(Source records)

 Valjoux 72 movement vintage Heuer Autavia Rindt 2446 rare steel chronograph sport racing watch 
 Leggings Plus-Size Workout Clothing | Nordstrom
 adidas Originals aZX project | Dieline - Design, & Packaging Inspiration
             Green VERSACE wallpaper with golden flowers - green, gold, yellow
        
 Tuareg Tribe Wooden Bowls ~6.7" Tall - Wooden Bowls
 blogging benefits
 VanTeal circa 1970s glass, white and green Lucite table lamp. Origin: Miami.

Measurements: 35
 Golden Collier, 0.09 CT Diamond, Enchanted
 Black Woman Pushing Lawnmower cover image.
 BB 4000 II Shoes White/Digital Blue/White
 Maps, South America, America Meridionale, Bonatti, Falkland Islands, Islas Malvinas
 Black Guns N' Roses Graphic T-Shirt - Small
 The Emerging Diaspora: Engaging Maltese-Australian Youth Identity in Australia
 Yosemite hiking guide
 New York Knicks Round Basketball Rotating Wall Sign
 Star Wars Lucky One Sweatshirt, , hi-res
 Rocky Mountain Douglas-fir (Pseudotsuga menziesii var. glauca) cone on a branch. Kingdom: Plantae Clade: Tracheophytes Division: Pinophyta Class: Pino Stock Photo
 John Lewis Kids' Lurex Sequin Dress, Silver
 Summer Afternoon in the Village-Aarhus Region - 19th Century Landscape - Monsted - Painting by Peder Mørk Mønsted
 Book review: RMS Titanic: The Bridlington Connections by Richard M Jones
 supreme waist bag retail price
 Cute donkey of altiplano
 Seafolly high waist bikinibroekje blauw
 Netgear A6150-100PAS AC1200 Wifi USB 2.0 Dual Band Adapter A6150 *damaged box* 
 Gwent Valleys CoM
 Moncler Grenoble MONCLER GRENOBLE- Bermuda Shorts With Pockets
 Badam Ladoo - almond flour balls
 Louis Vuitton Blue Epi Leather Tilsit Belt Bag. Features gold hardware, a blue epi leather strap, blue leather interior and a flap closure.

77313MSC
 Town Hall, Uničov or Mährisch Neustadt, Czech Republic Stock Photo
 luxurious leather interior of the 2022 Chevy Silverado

[Task description] Repeat every record exactly, so that nothing is lost or altered.

[Written response]
 Valjoux 72 movement vintage Heuer Autavia Rindt 2446 rare steel chronograph sport racing watch 
 Leggings Plus-Size Workout Clothing | Nordstrom
 adidas Originals aZX project | Dieline - Design, & Packaging Inspiration
             Green VERSACE wallpaper with golden flowers - green, gold, yellow
        
 Tuareg Tribe Wooden Bowls ~6.7" Tall - Wooden Bowls
 blogging benefits
 VanTeal circa 1970s glass, white and green Lucite table lamp. Origin: Miami.

Measurements: 35
 Golden Collier, 0.09 CT Diamond, Enchanted
 Black Woman Pushing Lawnmower cover image.
 BB 4000 II Shoes White/Digital Blue/White
 Maps, South America, America Meridionale, Bonatti, Falkland Islands, Islas Malvinas
 Black Guns N' Roses Graphic T-Shirt - Small
 The Emerging Diaspora: Engaging Maltese-Australian Youth Identity in Australia
 Yosemite hiking guide
 New York Knicks Round Basketball Rotating Wall Sign
 Star Wars Lucky One Sweatshirt, , hi-res
 Rocky Mountain Douglas-fir (Pseudotsuga menziesii var. glauca) cone on a branch. Kingdom: Plantae Clade: Tracheophytes Division: Pinophyta Class: Pino Stock Photo
 John Lewis Kids' Lurex Sequin Dress, Silver
 Summer Afternoon in the Village-Aarhus Region - 19th Century Landscape - Monsted - Painting by Peder Mørk Mønsted
 Book review: RMS Titanic: The Bridlington Connections by Richard M Jones
 supreme waist bag retail price
 Cute donkey of altiplano
 Seafolly high waist bikinibroekje blauw
 Netgear A6150-100PAS AC1200 Wifi USB 2.0 Dual Band Adapter A6150 *damaged box* 
 Gwent Valleys CoM
 Moncler Grenoble MONCLER GRENOBLE- Bermuda Shorts With Pockets
 Badam Ladoo - almond flour balls
 Louis Vuitton Blue Epi Leather Tilsit Belt Bag. Features gold hardware, a blue epi leather strap, blue leather interior and a flap closure.

77313MSC
 Town Hall, Uničov or Mährisch Neustadt, Czech Republic Stock Photo
 luxurious leather interior of the 2022 Chevy Silverado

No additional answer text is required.